2. Entity Resolution

Entity Resolution is the practice of finding and linking records of the same underlying entity across data sets. This problem is widely recognized and actively researched in other domains such as Homeland Security and epidemiology but has been less formally acknowledged in cybersecurity. It is a problem of considerable importance because without ER, the number of entities is artificially magnified. In cybersecurity, this translates to a perceived increase of the attack surface. More importantly, there is no way to associate observations made at different times and places on different sensors, limiting the available evidence to a strictly local set of observations. Entity Resolution is what enables multi-modal analysis of disparate data sources.

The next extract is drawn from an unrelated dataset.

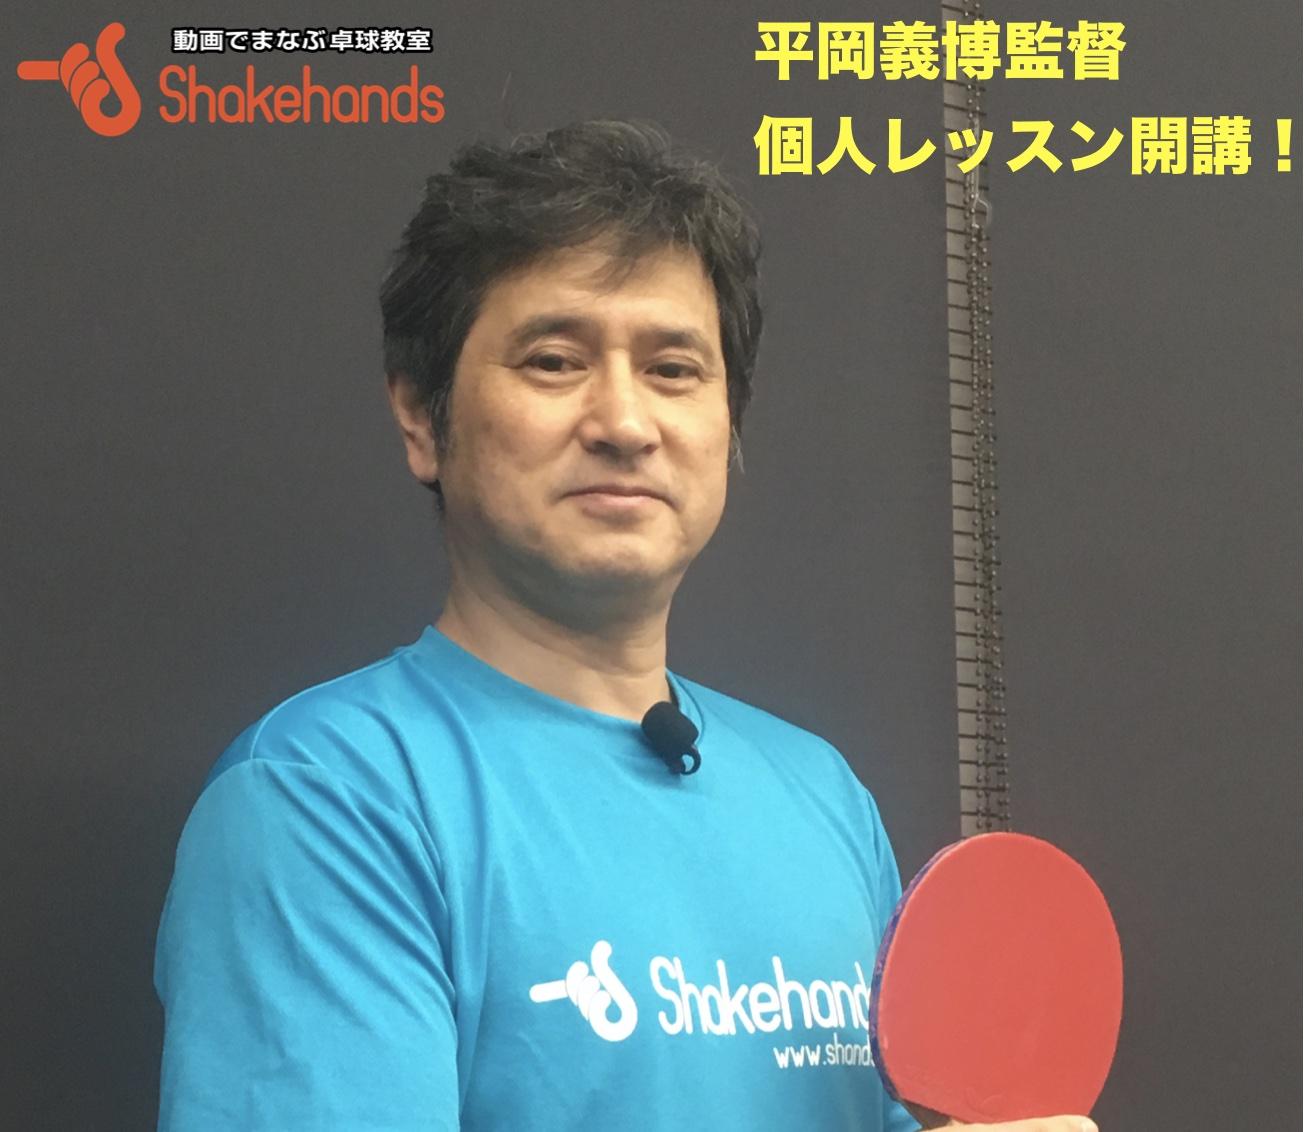 【短時間であなたを変えます!】平岡義博監督によるマンツーマンレッスン開講!

The contributions of this paper are:

  • A formal problem statement for ER in the cyber domain.
  • An approach to incorporate ER into a larger security process.
  • A preliminary implementation to demonstrate the blocking concepts of host segments.
  • A roadmap for refining the techniques for future deployment.

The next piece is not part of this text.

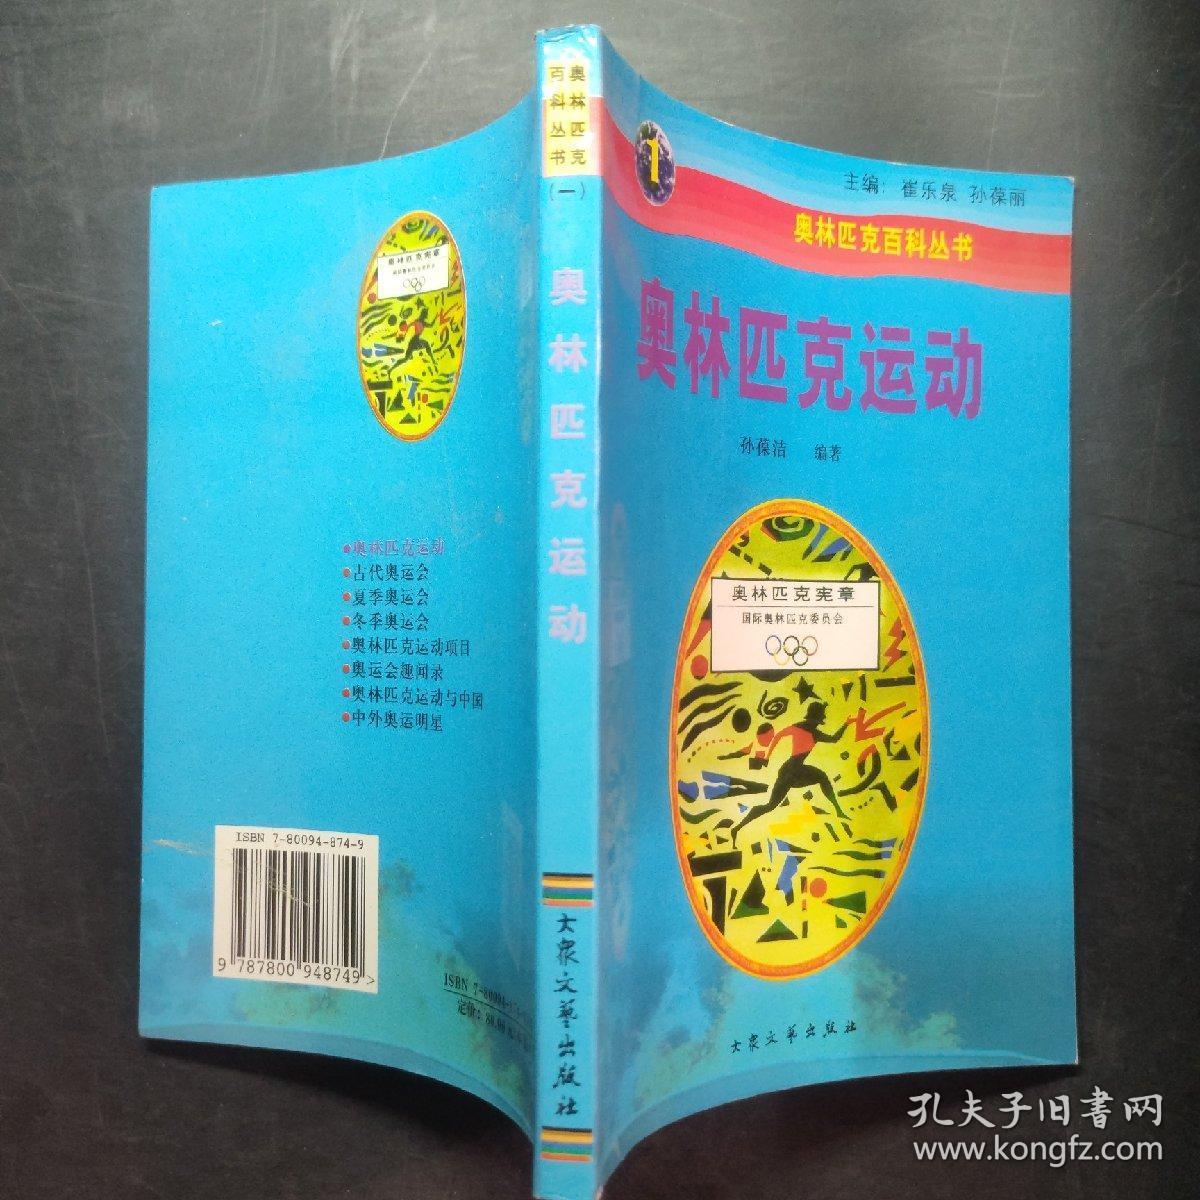 奥林匹克百科知识丛书:奥林匹克运动

3. The Entity Resolution Problem

Entity Resolution is the process of disambiguating and linking data records to real-world individuals or entities. In the intelligence community, for example, tracking a potential threat actor requires identifying aliases used by the individual in the real and online worlds (e.g., passports and usernames), and attributing the activities and assets assumed under these aliases back to the individual (e.g., messages, bank accounts, and cell phones). Because names are often not unique, ER must also be able to distinguish observations of multiple individuals with similar or identical names. Finally, real-world applications of ER must be able to tolerate clerical errors and missing data.

Similarly, in the cyber domain, a host may manifest in various logs identified by its hostname, IP address, MAC address, or another form of identification (in this work, we assume that the sensors generating the logs do not have credentialed access to every host). Furthermore, these identities are not fixed. When a host connects to a network, it likely gets a dynamically assigned IP address different from previous connections. IP addresses are reused by different hosts. Host names and MAC addresses can also change for legitimate reasons, albeit less frequently. It is not uncommon to have collisions of host names and MAC addresses on a network. The volume of records along with the rate of change makes ER in the cyber domain particularly challenging. In summary, the problem of ER in the cyber domain is to associate a set of timestamped events extracted from different data streams to the real-world entities that generated them.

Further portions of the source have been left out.